The moral ascent of the past decades, born from the hard lessons of modernity’s many crucifixions, curves back towards the grave—and we are left to wonder: was God ever in this at all, or was it just the futilities of worldly politics, all power and violence? It is hard to praise God in an abandoned world. How can we cry out for joy when so many are left to weep?
The lacuna of the Ascension in today’s liturgy evokes this experience for me: it is hard to envision the Ascension as ascension. Easier by far to picture it as a disappearance—one that leaves a profound lacuna, into which all talk of faith disappears:
Christ promises in the Gospel, “I am with you always, until the end of the age”. Yet how can we hold on to this promise, when the Truth that undergirds it is no longer apparent? How can we even believe that an Ascension took place at all? Perhaps what disappeared never was. Perhaps we are just grasping at air.
Christ disappears from earth, and so does heaven, and we are left beneath the empty sky.
We thus find ourselves in the place of the disciples: we cannot gaze up into heaven. Christ has passed beyond us, and we are left staring into the aether. And yet, a voice speaks to us:
…why are you standing there looking at the sky?
This Jesus who has been taken up from you into heaven
will return in the same way as you have seen him going into heaven.
Do we expect Christ to come down again to prove he’s with us? Should we remain there on the mountainside, endlessly seeking reassurance, never allowing Christ to depart?
No. We are told that Christ will return—but in time. For now, we must go and baptise and teach. We must take up our commission, and not look back. We must continue to speak the Gospel, preaching truth amidst falsehoods, hope amidst despair, and liberation amidst oppression. We must proclaim Christ’s identity with the least among us: trans people, migrants, Palestinians, and all others buried with our age as it returns to the grave..
At the Ascension, Christ leaves us in what may appear as abandonment. Yet our commission is given at the moment of his departure. We become Christians the moment we are thrown into this seemingly abandoned world. To live in this world is what it means to be a Christian in the first place.
And this—despite the evils that confront us—is why our joy, our witness, and our commission can survive the world. There may be no reassuring presence—no glimpse of heaven, no moment of perfect joy. But we know this already: we, as Christians, are born of it. It is our burden and our nature, lighter than air, floating in the empty sky.
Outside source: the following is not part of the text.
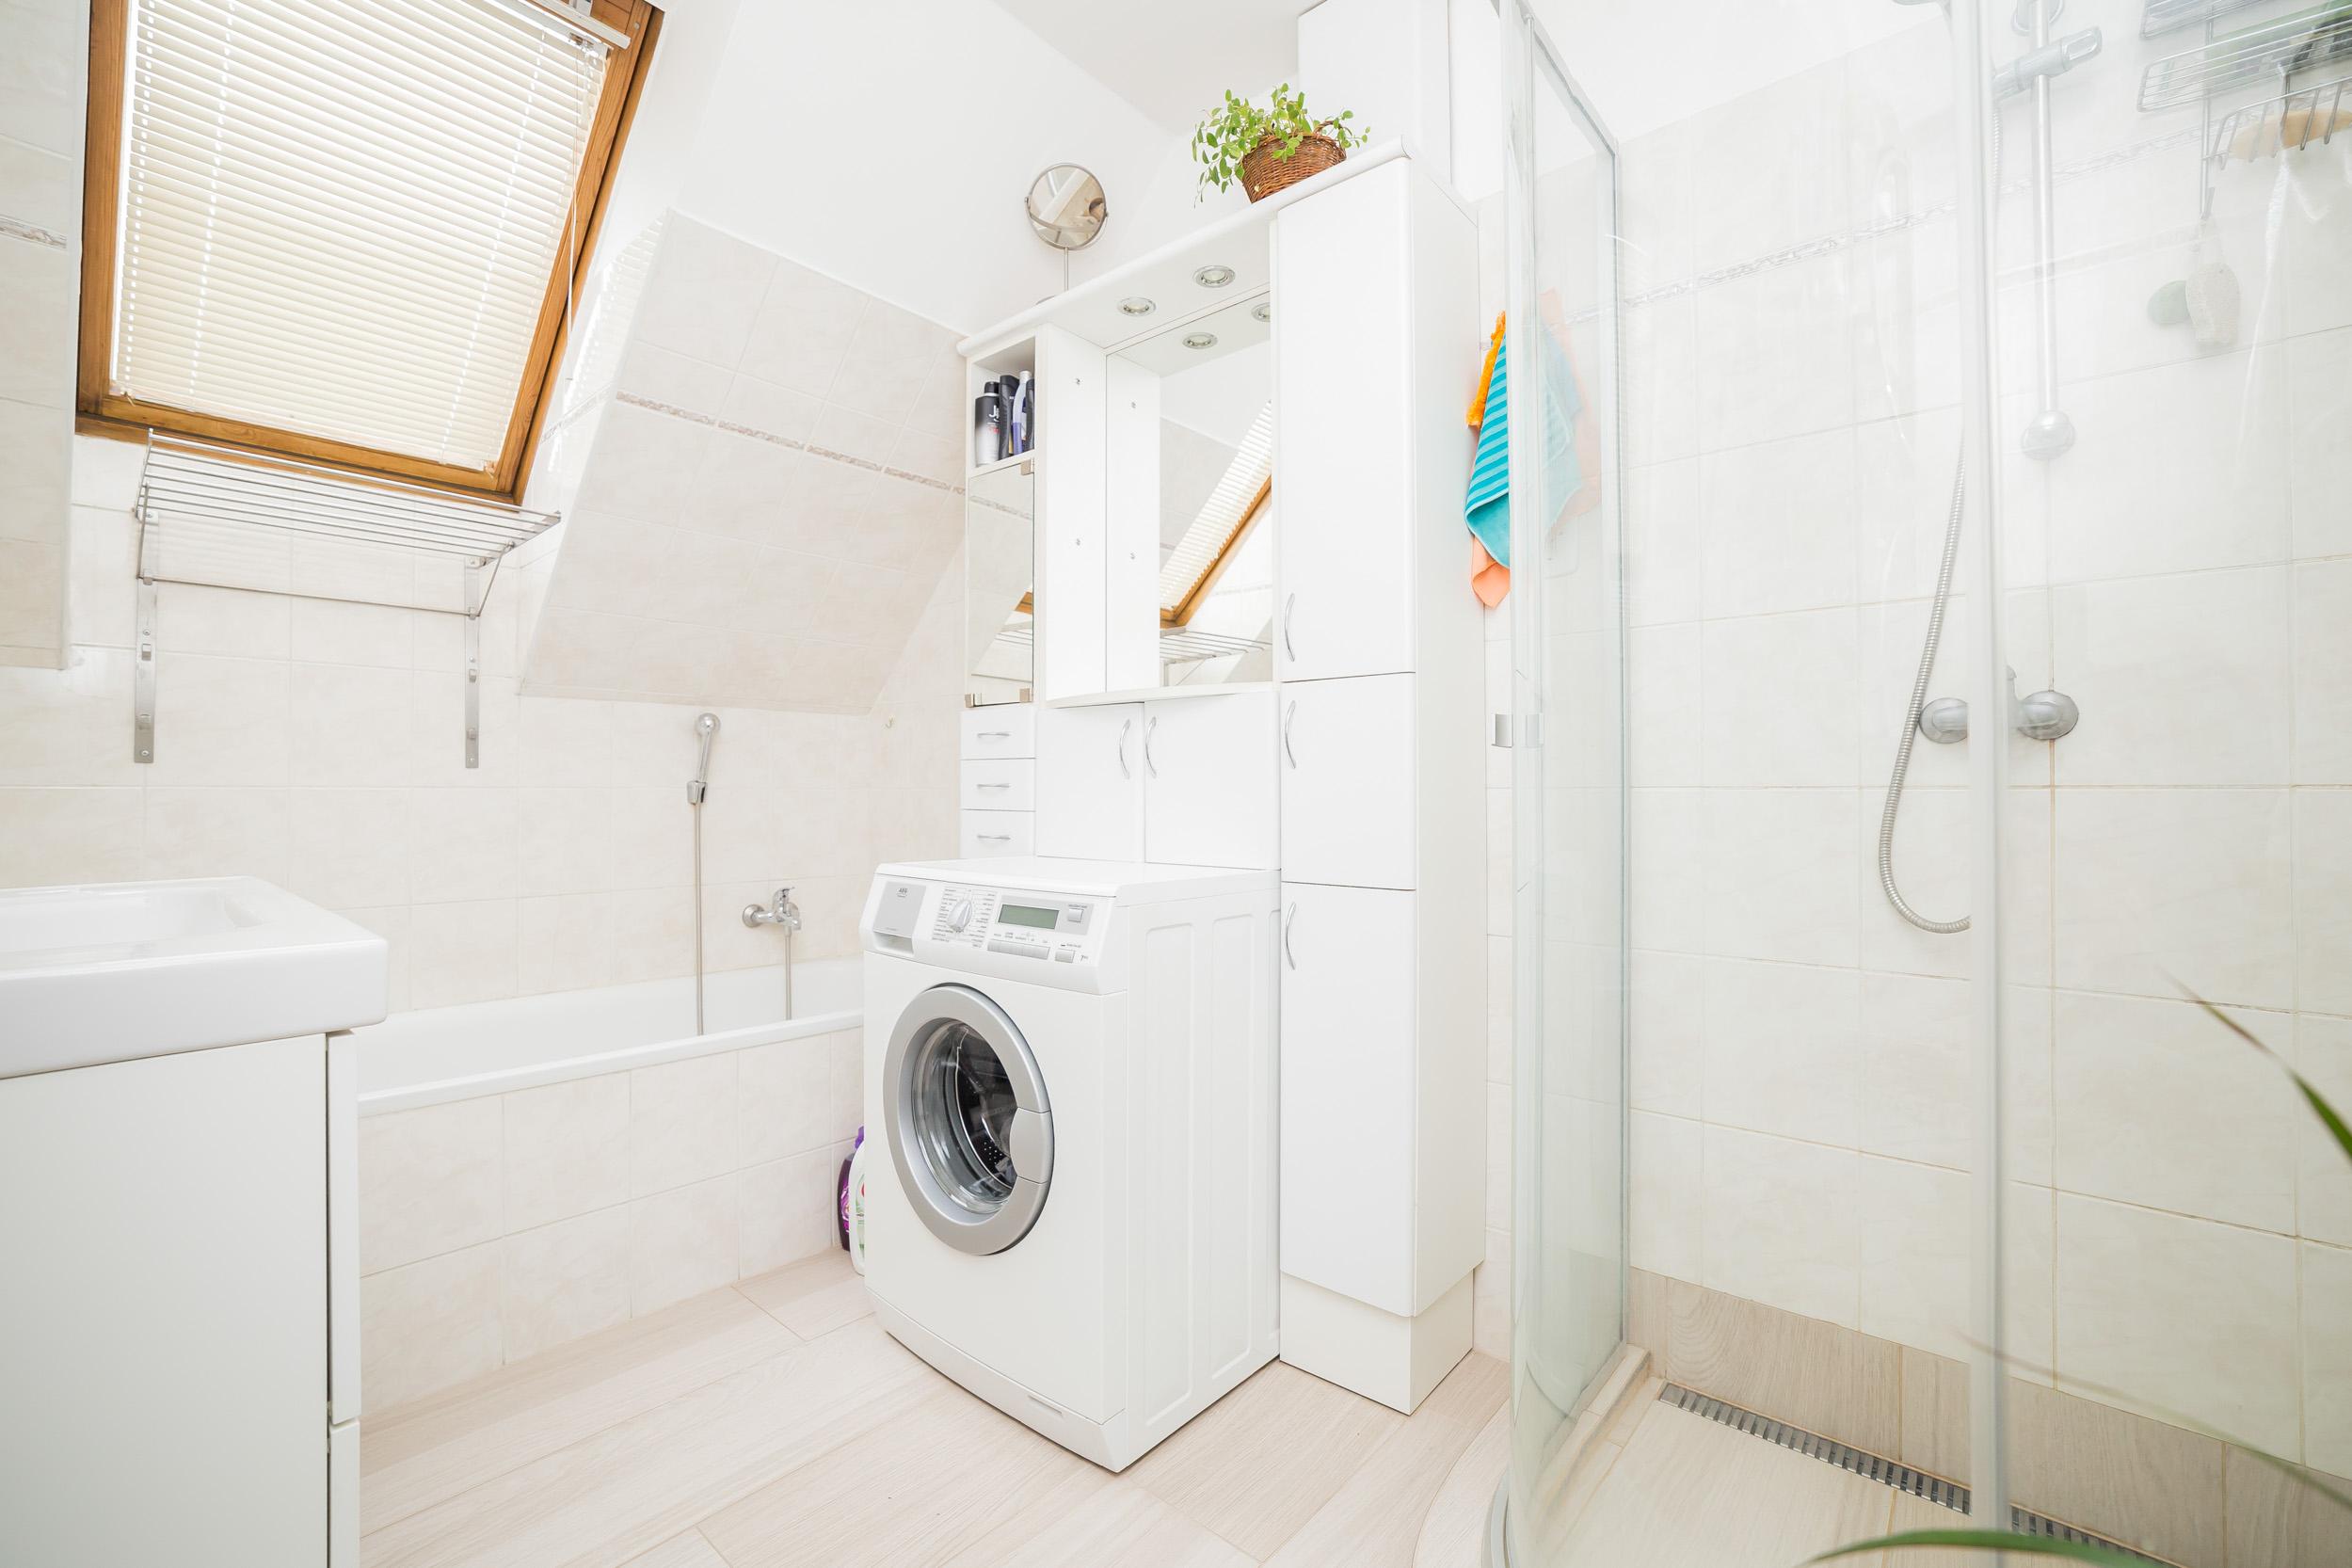 opava reality koupelna sprcha vana pracka okno umyvadlo vesak rucnik dlazba zrcatko

–Dr. Nicolete Burbach, May 14, 2026
*The Solemnity of the Ascension was traditionally celebrated on the Thursday of the Sixth Week of Easter. In some countries, the feast has been transferred to the Sunday after this date to allow for greater participation by the faithful in this celebration. In other countries, the Ascension is still marked on the Thursday of the Sixth Week of Easter.
Bondings 2.0 is providing an Ascension reflection today, so that on next Sunday, we can offer a reflection on the liturgiccal readings for the Seventh Sunday of Easter.